= Source material =
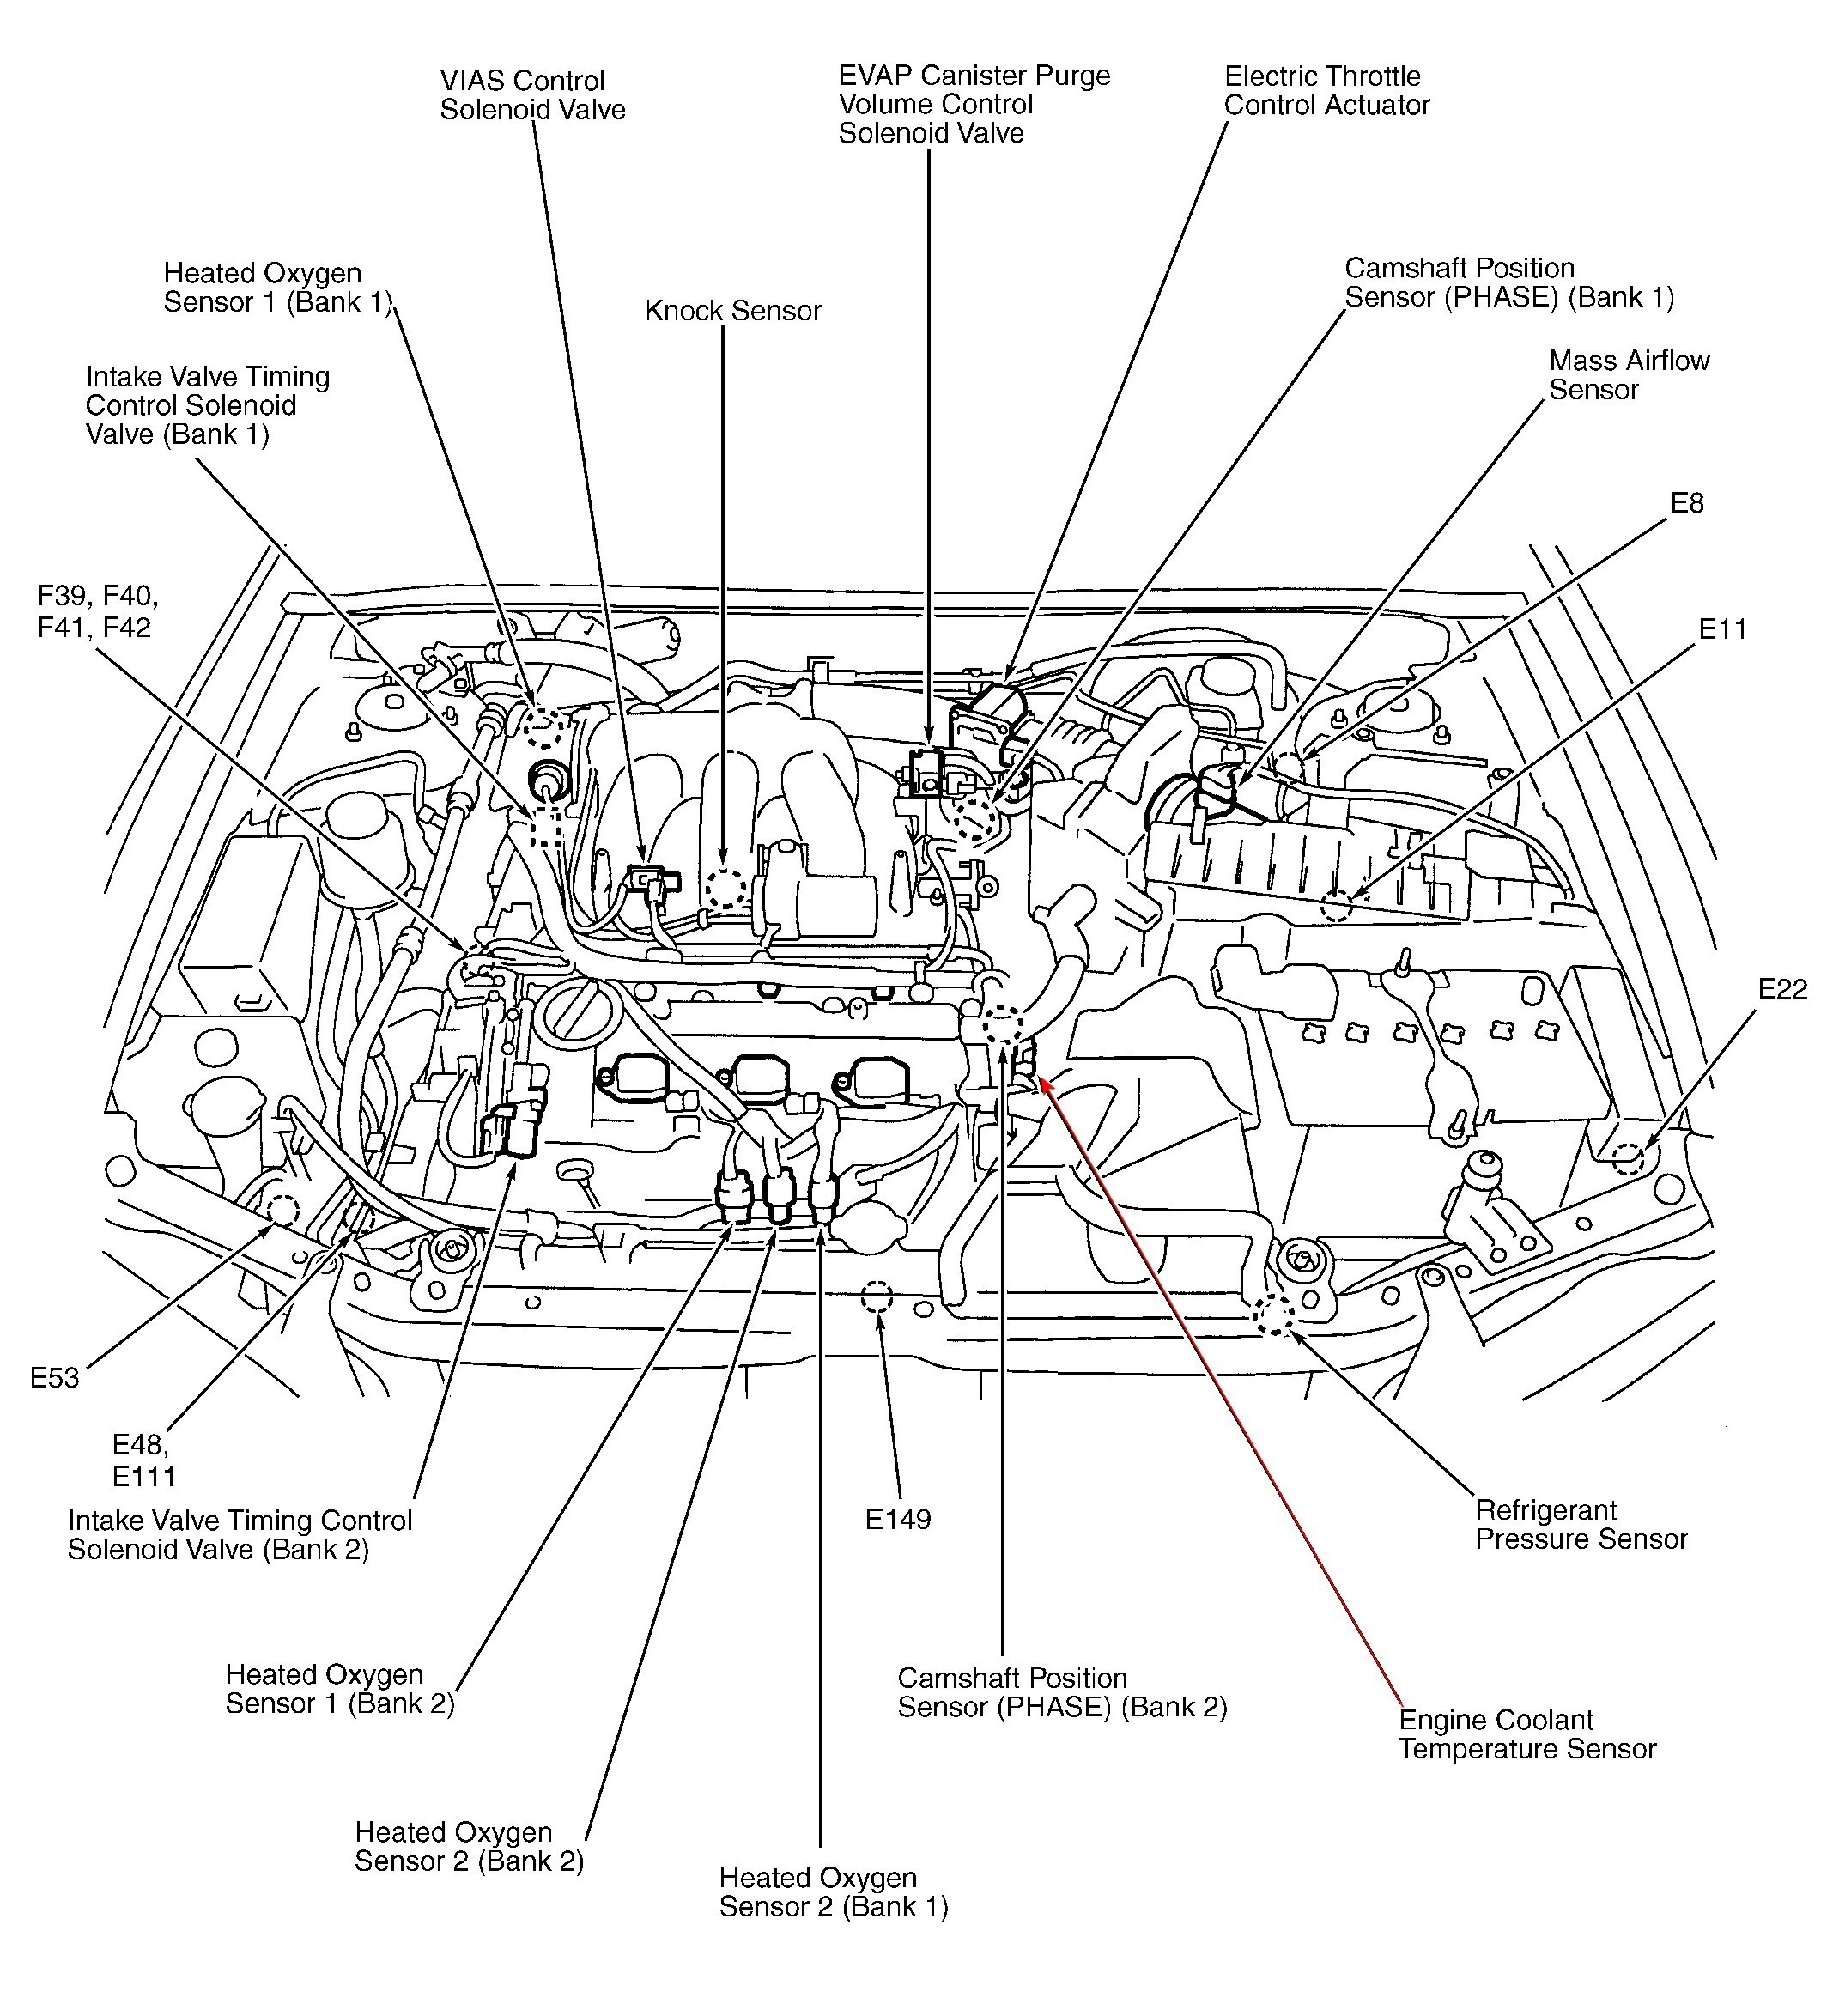 Parts Of An Engine Diagram Engine Parts Diagram with Dimensions Car Parts Labeled Diagram Of Parts Of An Engine Diagram
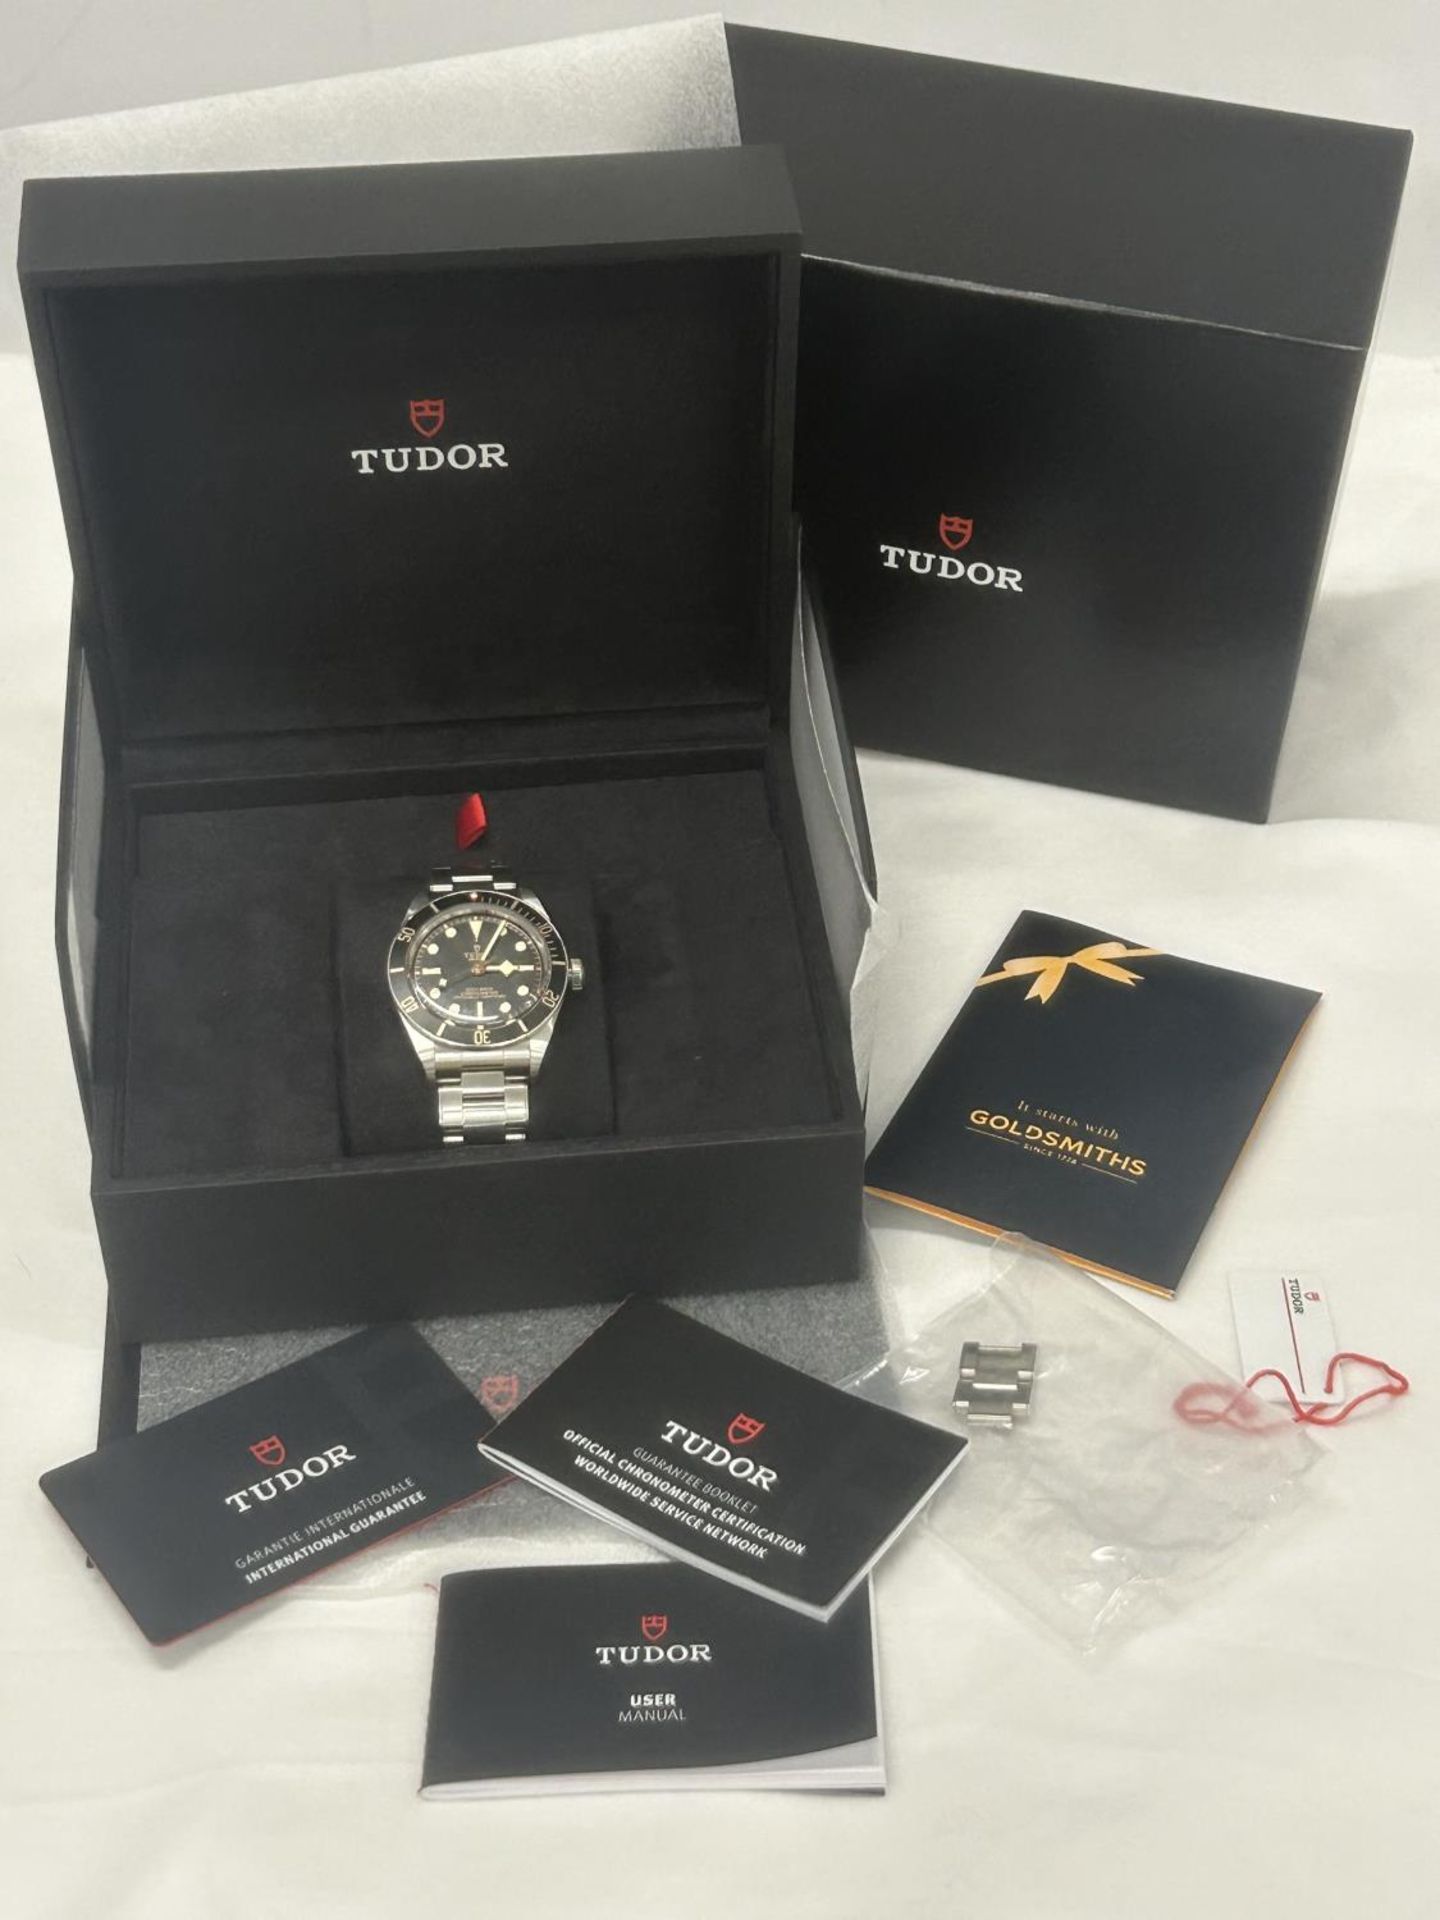 A TUDOR BLACK BAY 58 CHRONOGRAPH AUTOMATIC WATCH WITH 39MM BLACK DIAL, COMPLETE WITH ORIGINAL BOX
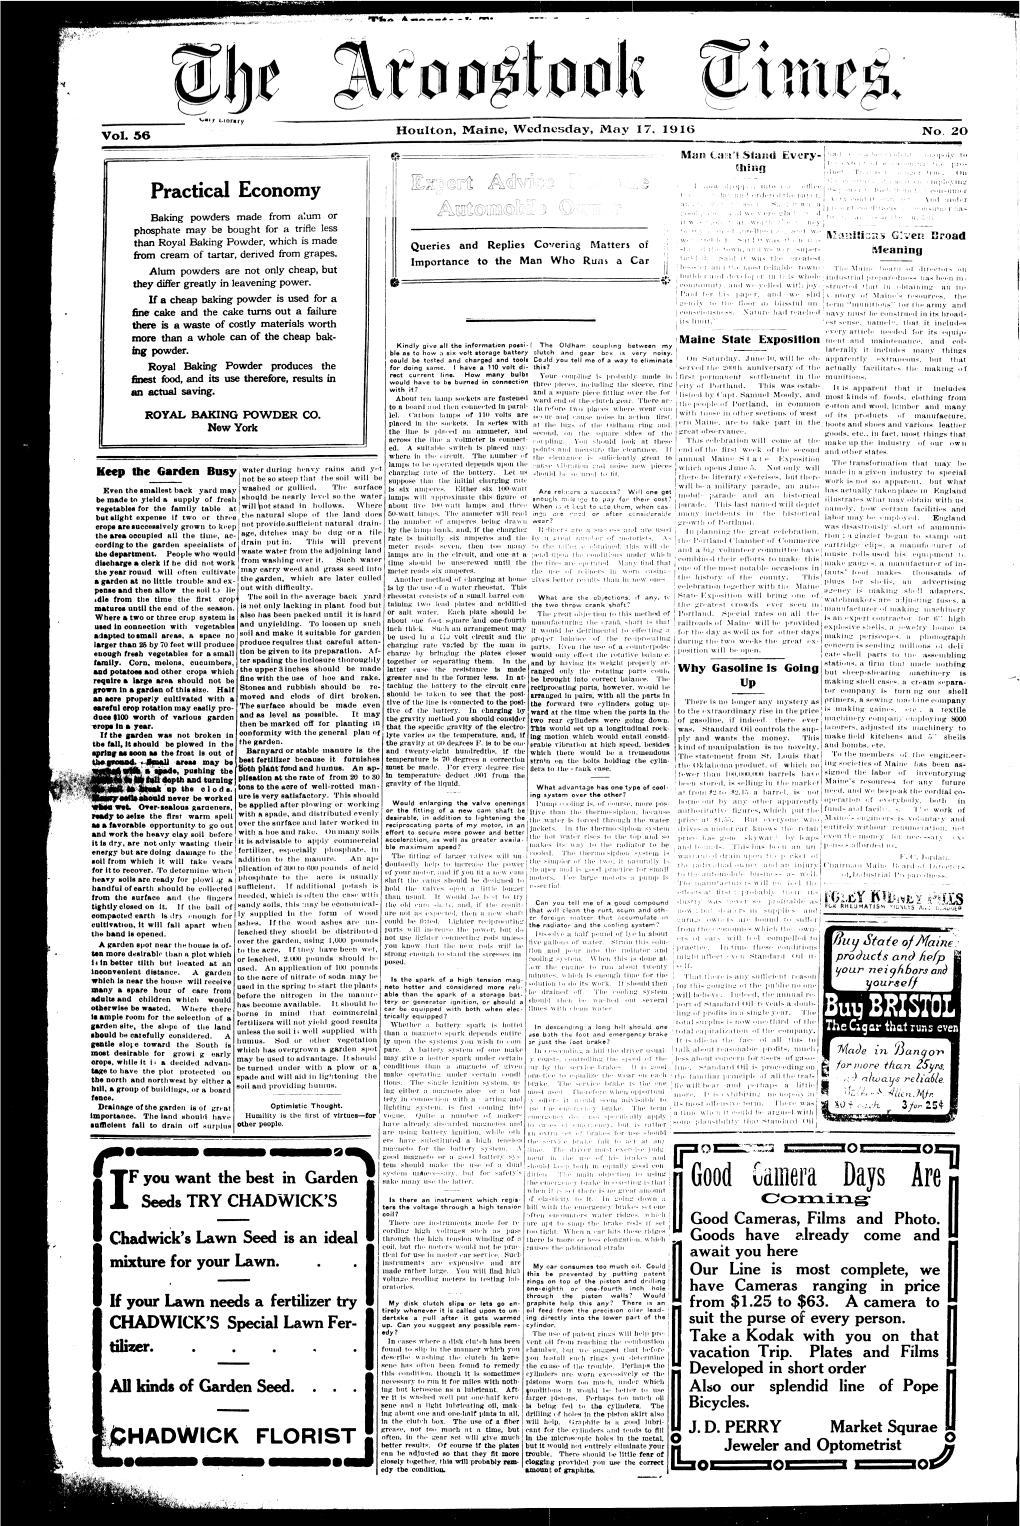 The Aroostook Times, May 17, 1916

= What you are asked to do =
With pictures excluded, the data must be transcribed in full and to the letter.

= Response =
 Parts Of An Engine Diagram Engine Parts Diagram with Dimensions Car Parts Labeled Diagram Of Parts Of An Engine Diagram
 A TUDOR BLACK BAY 58 CHRONOGRAPH AUTOMATIC WATCH WITH 39MM BLACK DIAL, COMPLETE WITH ORIGINAL BOX
 The Aroostook Times, May 17, 1916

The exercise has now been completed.